You just spent thousands of dollars to have your child tested to demystify their learning profile, and you receive a lengthy report full of jargon and percentiles. You get one feedback session with the psychologist, but how do you explain the results to your child?  Psychologists typically offer a 1:1 feedback session with the child, as well, but parents may opt out of that due to various factors, such as apprehension, the belief that the child is too young for active involvement, or fear that the child may feel embarrassed or stigmatized after learning about their diagnosis. On the contrary, many kids experience a sense of relief when they learn that their challenges have a name. Kids can sense when something is wrong, and as Dan Siegel says of emotions, “Name it to tame it.” 

I recently spoke with Dr. Liz Angoff, a licensed educational psychologist who is committed to sharing the testing results with children as young as four years old in a way that they can understand. 

“All children deserve a feedback session because all children deserve closure. Listen and ask how they understand their experience. That informs what to share. Understand their questions, how they describe problems that are coming up, and talk to the child in that same way. Share that their brain is awesome and literally under construction,” she said. 

She developed The Brain Building Books to engage children in understanding their learning and developmental differences. In this text, she describes a child’s strengths and stretches using the highway metaphor.

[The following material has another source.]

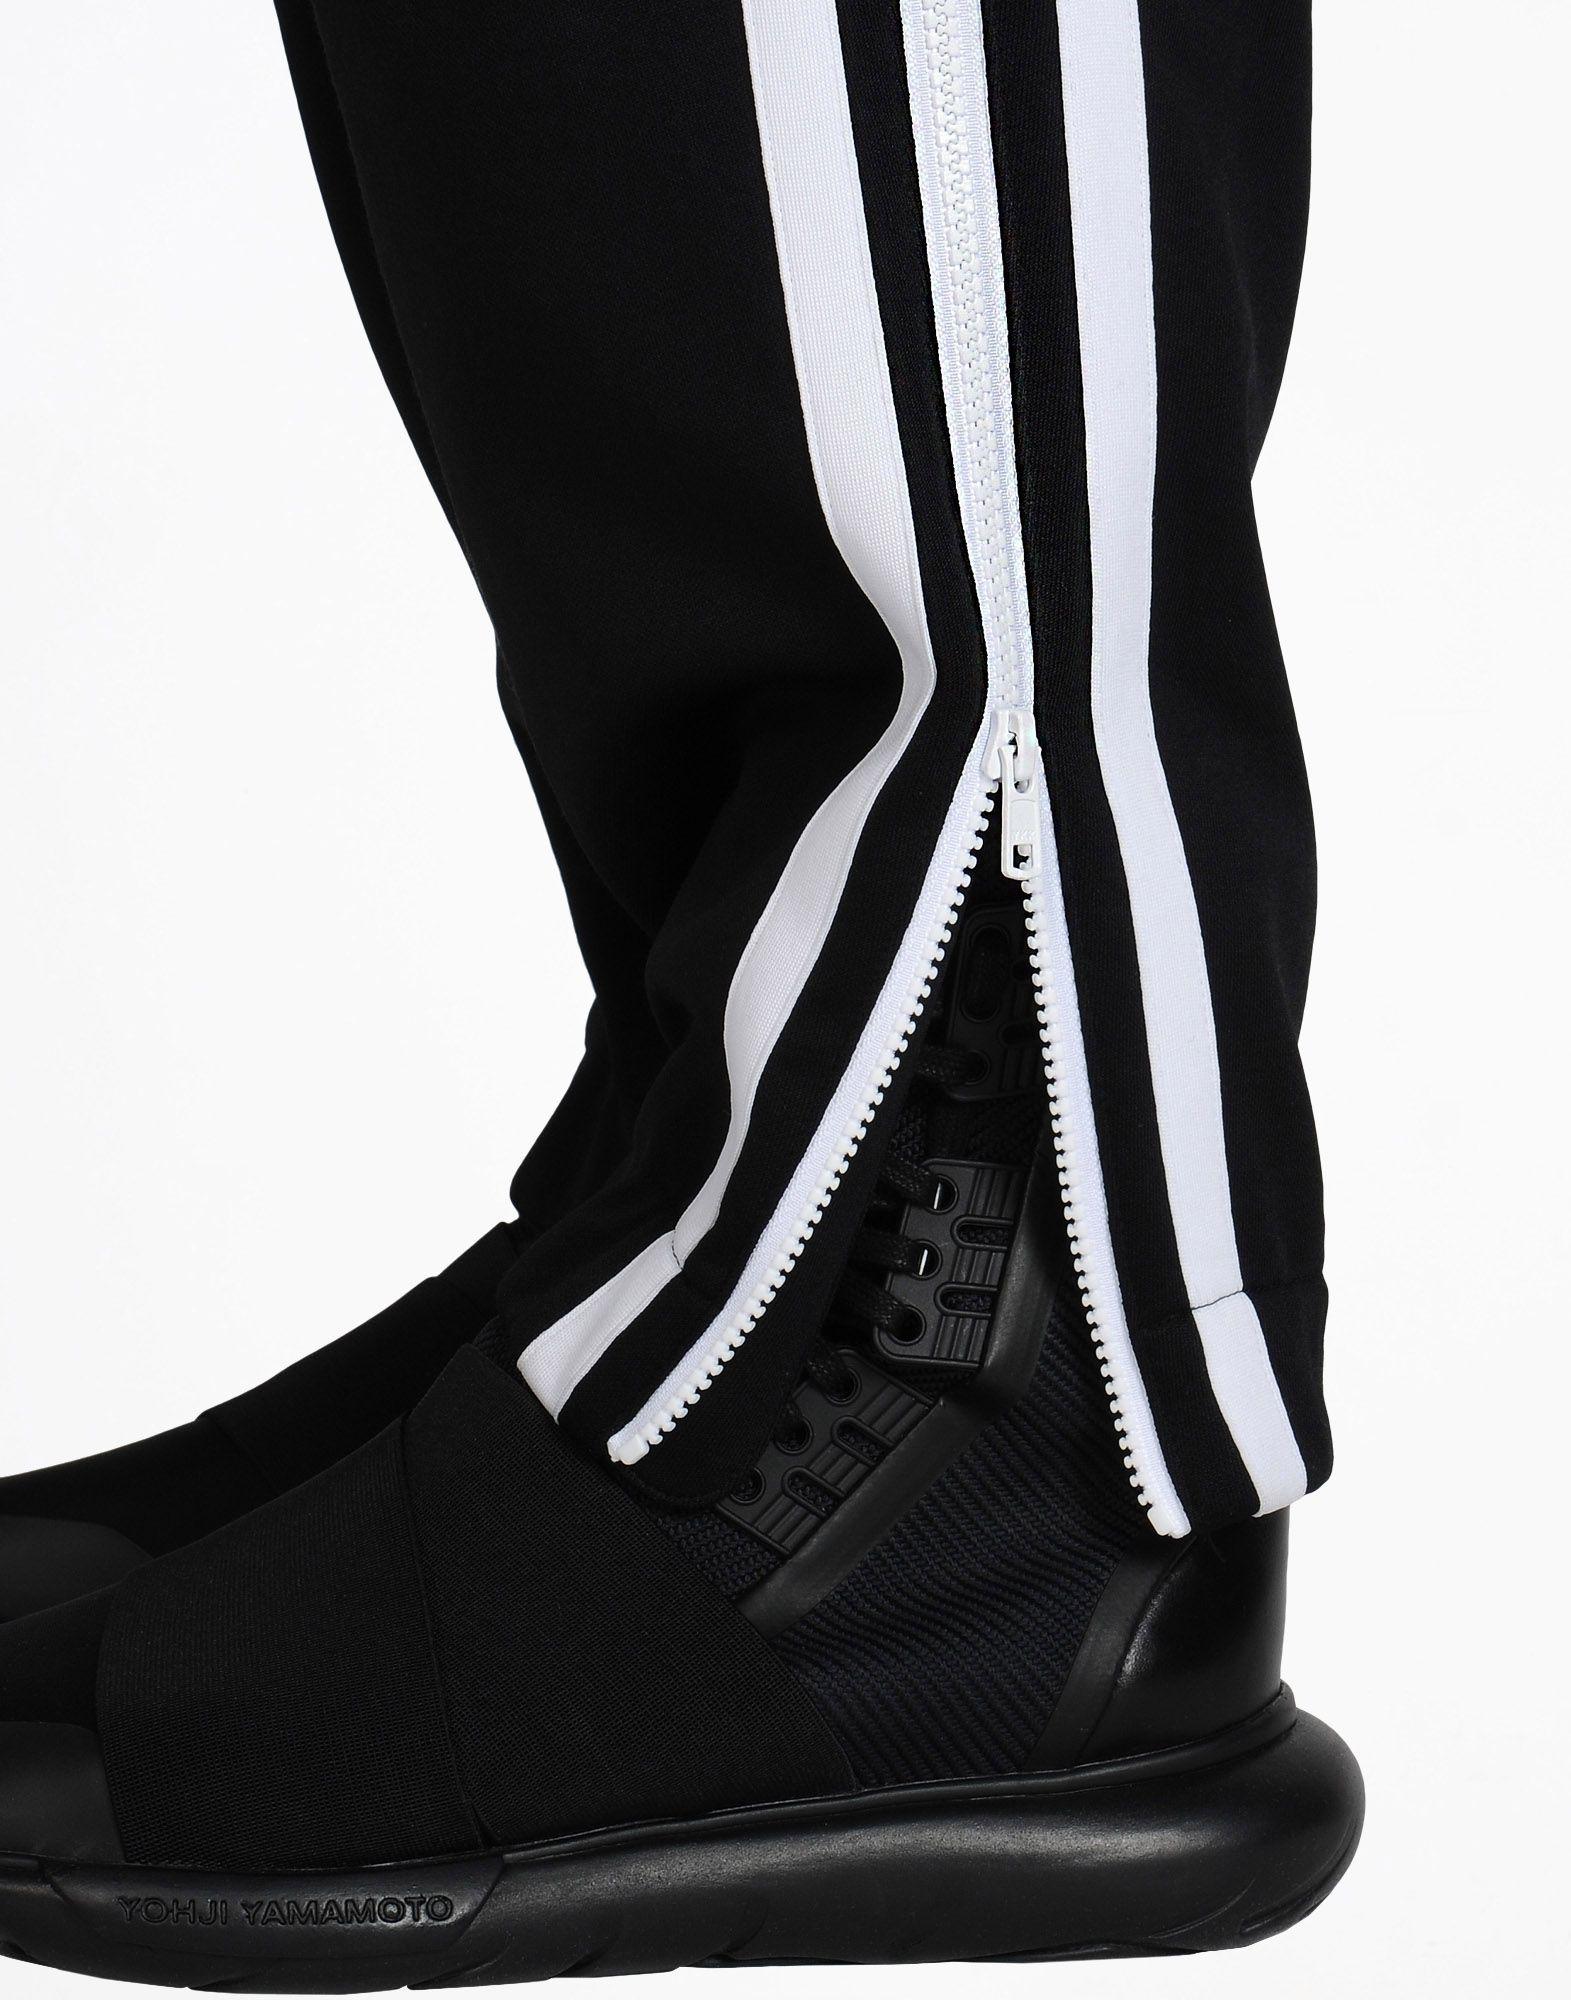 Y-3 3-STRIPES TRACK PANT PANTS man Y-3 adidas

Things that come easy are highways and difficulties are construction zones. “Neurodiversity means that all brains are different in important ways. For you, neurodiversity means that you have these strengths and these construction projects,” Liz explained. 

Here’s an example of what she shares with children:

Some psychologists use the Brain Building Books during the assessment process, and then children can continue to work through the colorful guide with their parents, educational therapists or tutors. At Hayutin, we love the process of activating a growth mindset and utilizing tools like this to empower kids and adolescents. It’s all about paving the road to self-advocacy by using a strengths based, neurodiverse affirming approach. 

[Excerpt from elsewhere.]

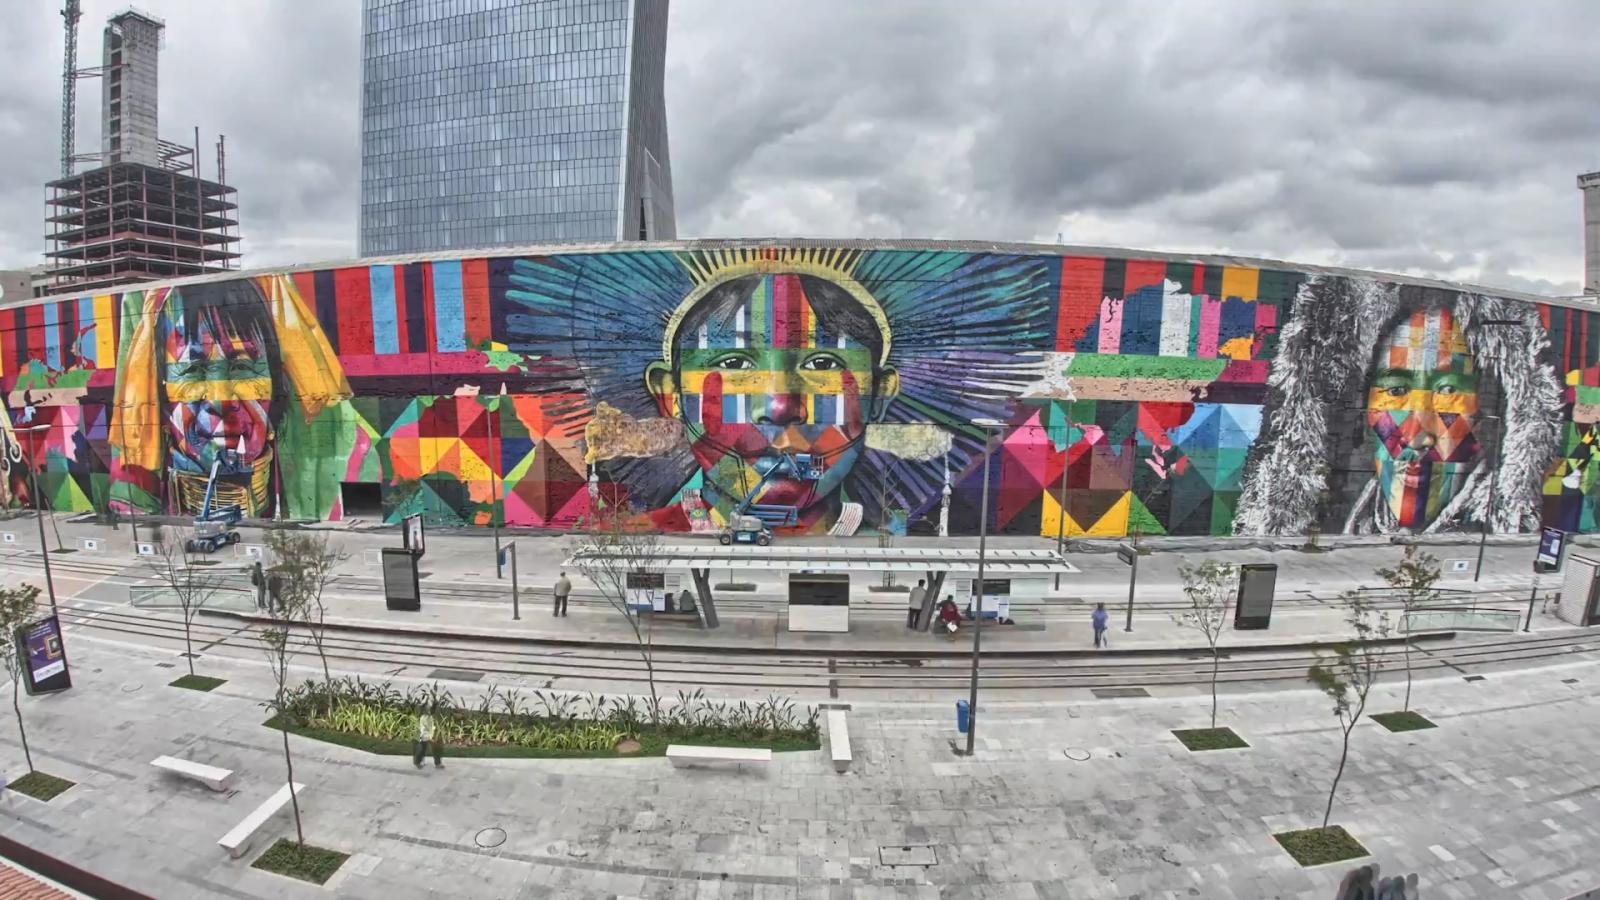 Graffiti artists creates masterpiece for Rio Olympics

But what if I’m not ready to share my child’s diagnosis?

Sometimes parents need some time and space to process a diagnosis and don’t want to share it with their child just yet, and that’s okay. Psychologists and practitioners work to demystify ADHD, autism, dyslexia, etc. when the family is ready. Dr. Angoff reminds parents, “You are not alone. There is a huge community of amazing individuals that have walked this path before.”

A diagnosis doesn’t have to spell doom and gloom; it’s a compass and a way forward. And when you’re ready, there are people like us who can help. 

Important takeaways

If you feel overwhelmed after your feedback session, reach out to the evaluator with questions. I asked Dr. Angoff about the four key takeaways from the report for an overwhelmed parent:

  • What are my child’s strengths?
  • What are my child’s challenges?
  • What is this called? What is the diagnosis or eligibility category?
  • What should I do next?

Tips for prioritizing recommendations

Many psychologists do a great job prioritizing recommendations, but it’s such a loaded topic that sometimes we need time to digest and revisit it all. No matter how beautifully the report is written, sometimes families are left with questions. 

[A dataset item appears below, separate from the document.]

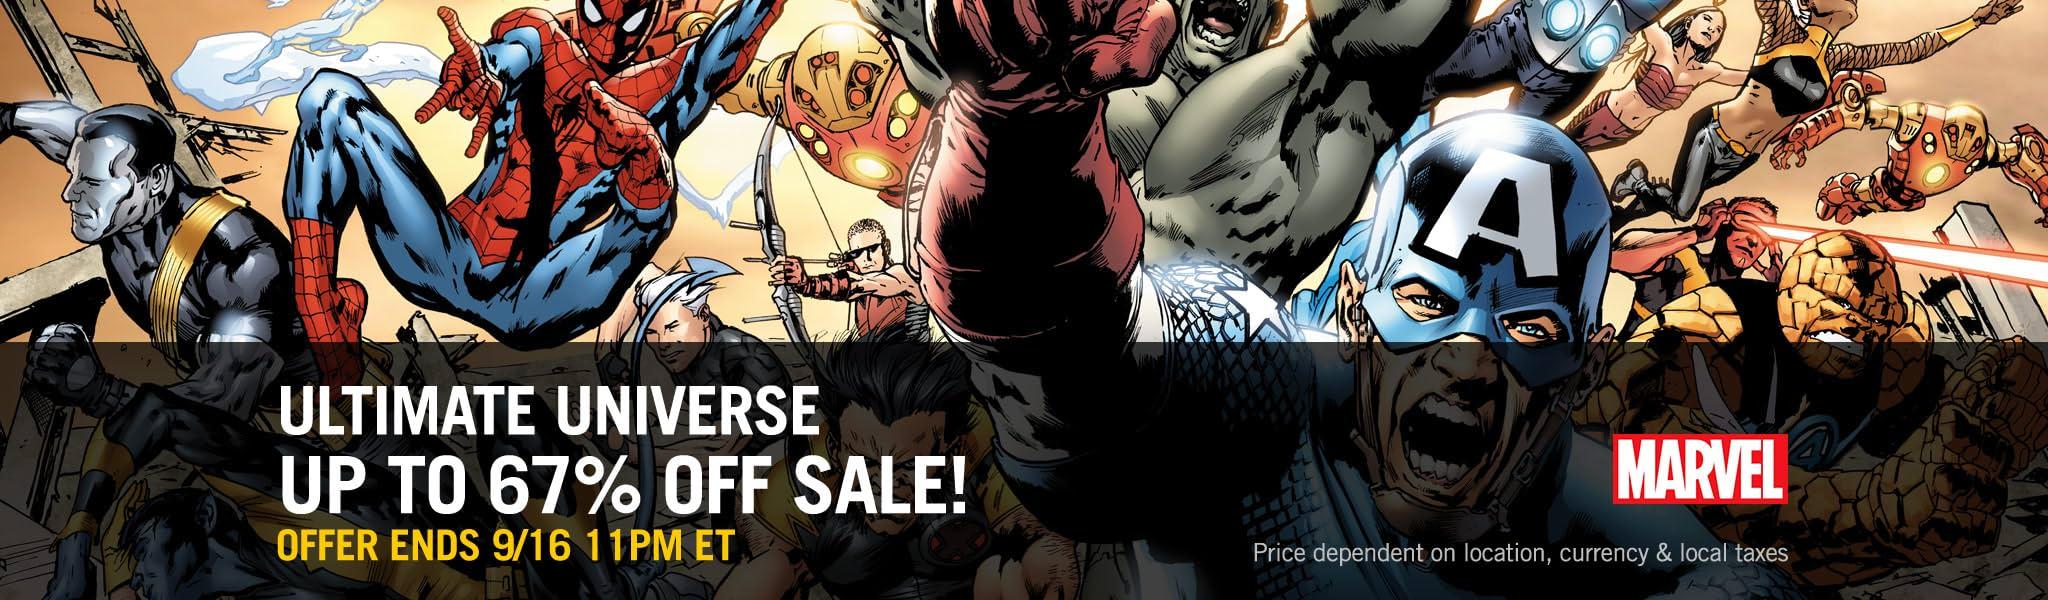 Marvel: Ultimate Universe Sale! - Comics by comiXology

And when you’re not quite sure where to start, Dr. Angoff suggests asking the evaluator for the top five recommendations:

  • Something for the parent
  • Something for the child academically
  • Something for the child emotionally
  • Something for the family
  • Learning about the diagnosis from neurodiversity affirming sources 

Finally, hold fast to what you already know inside as the loving parent you are: a report is just a doorway into new possibilities and avenues for growth.  By embracing the process of self-discovery and keeping an open mind, you can support them with what they need to remember most on their journey–you love them fiercely for who they are, always and no matter what.